### Assigned task:
Please show all lines of the records that include "Sets".

### Excerpted records:

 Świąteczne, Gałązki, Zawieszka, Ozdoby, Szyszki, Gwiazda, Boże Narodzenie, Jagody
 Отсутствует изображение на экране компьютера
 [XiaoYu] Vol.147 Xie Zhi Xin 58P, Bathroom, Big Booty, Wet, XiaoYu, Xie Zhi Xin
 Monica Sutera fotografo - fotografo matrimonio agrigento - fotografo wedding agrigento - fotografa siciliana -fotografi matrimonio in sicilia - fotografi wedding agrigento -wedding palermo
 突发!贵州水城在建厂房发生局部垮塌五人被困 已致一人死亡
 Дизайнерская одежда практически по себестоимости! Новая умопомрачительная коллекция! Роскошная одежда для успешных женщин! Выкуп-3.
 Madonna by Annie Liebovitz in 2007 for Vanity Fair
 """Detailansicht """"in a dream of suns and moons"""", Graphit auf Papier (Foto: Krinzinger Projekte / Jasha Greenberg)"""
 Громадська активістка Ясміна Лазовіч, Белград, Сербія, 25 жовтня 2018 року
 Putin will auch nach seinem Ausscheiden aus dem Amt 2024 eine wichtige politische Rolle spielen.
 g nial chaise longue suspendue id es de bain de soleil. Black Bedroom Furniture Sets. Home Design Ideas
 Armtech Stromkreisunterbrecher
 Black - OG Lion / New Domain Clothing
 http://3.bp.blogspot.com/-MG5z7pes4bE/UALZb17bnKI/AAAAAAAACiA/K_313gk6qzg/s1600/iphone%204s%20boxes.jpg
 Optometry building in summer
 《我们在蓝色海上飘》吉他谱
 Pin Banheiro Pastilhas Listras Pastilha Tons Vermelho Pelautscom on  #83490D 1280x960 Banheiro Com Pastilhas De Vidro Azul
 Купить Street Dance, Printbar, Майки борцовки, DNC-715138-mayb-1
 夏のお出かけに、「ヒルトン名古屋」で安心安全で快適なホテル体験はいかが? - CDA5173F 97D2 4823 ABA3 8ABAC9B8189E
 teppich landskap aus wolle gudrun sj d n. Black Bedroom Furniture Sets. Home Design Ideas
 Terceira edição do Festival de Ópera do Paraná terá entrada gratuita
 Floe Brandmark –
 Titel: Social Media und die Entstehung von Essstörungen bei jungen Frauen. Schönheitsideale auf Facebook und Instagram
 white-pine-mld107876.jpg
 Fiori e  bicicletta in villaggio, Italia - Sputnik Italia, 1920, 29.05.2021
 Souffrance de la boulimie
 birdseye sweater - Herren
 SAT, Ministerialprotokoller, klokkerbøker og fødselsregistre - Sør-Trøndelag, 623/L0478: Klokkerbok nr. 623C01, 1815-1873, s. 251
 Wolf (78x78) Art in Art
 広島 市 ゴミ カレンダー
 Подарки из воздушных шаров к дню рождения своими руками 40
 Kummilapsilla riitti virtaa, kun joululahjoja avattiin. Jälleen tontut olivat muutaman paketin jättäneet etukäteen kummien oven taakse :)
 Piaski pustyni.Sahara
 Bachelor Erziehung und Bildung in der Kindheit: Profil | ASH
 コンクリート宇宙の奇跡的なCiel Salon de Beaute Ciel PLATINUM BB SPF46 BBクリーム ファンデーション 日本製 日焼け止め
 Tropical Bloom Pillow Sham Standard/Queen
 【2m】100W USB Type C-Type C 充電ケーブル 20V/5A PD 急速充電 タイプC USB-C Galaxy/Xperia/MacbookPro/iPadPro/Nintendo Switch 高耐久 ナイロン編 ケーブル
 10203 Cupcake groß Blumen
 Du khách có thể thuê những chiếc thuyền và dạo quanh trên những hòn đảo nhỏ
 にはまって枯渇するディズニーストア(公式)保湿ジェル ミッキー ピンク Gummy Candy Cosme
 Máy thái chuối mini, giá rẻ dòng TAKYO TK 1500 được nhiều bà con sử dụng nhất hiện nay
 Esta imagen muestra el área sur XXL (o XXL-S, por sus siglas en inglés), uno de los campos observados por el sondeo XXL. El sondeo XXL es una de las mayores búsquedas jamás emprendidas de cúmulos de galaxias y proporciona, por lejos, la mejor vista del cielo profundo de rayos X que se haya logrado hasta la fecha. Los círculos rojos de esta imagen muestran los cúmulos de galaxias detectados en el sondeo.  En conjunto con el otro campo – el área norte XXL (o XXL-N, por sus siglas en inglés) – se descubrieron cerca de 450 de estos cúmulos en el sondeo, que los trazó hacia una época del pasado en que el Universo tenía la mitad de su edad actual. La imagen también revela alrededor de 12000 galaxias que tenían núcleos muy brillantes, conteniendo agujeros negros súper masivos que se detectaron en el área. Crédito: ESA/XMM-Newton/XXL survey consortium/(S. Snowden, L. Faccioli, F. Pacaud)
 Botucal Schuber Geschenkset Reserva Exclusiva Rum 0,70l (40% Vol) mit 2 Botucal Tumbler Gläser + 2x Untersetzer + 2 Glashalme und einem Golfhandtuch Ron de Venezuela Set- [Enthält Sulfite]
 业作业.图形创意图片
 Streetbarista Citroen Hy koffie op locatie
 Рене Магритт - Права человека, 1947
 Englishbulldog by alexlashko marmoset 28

### Task result:
 g nial chaise longue suspendue id es de bain de soleil. Black Bedroom Furniture Sets. Home Design Ideas
 teppich landskap aus wolle gudrun sj d n. Black Bedroom Furniture Sets. Home Design Ideas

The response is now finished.